A perfect and just weight thou shall have, a perfect and just measure thou shall have, that thy days may be long in the land which Jehovah thy God gives thee.
16 Tanrınız RAB bunları yapandan da, haksızlık edenden de tiksinir.
For all who do such things, even all who do unrighteously, are an abomination to Jehovah thy God.
17 “Siz Mısır'dan çıktıktan sonra Amalekliler'in yolda size neler yaptığını anımsayın.
Remember what Amalek did to thee by the way as ye came forth out of Egypt,
18 Siz yorgun ve bitkinken yolda size saldırdılar; geride kalan bütün güçsüzleri öldürdüler. Tanrı'dan korkmadılar.

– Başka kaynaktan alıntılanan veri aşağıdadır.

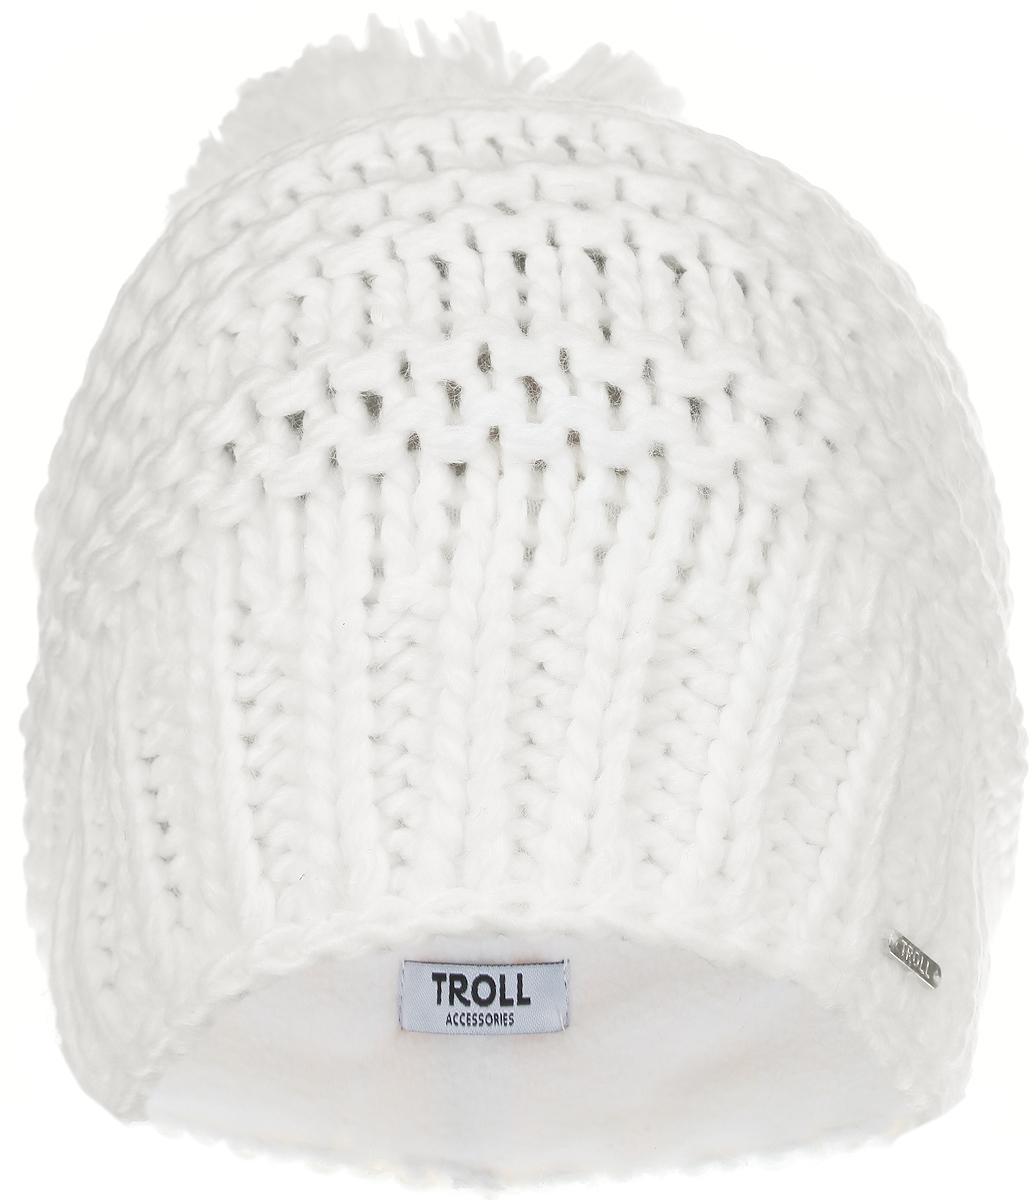 Шапка женская. TCZ0195BETCZ0195BEСтильная женская шапка Troll отлично дополнит ваш образ в холодную погоду. Шапка, выполненная из 100%-го акрила, отлично сохраняет тепло. Вязка в резинку по нижнему краю изделия обеспечивает удобную посадку. Классическая модель снабжена помпоном и небольшим декоративным элементом с надписью Troll. Такая модель комфортна и приятна на ощупь, она великолепно подчеркнет ваш вкус. Такая шапка станет отличным дополнением к вашему осеннему или зимнему гардеробу, в ней вам будет уютно и тепло!

how he met thee by the way, and smote the hindmost of thee, all who were feeble behind thee, when thou were faint and weary, and he feared not God.
19 Tanrınız RAB mülk edinmek için miras olarak size vereceği ülkede sizi çevrenizdeki bütün düşmanlardan kurtarıp rahata kavuşturunca, Amalekliler'in anısını gökler altından sileceksiniz. Bunu unutmayın!”
Therefore it shall be, when Jehovah thy God has given thee rest from all thine enemies round about, in the land which Jehovah thy God gives thee for an inheritance to possess it, that thou shall blot out the remembrance of Amalek from under heaven. Thou shall not forget.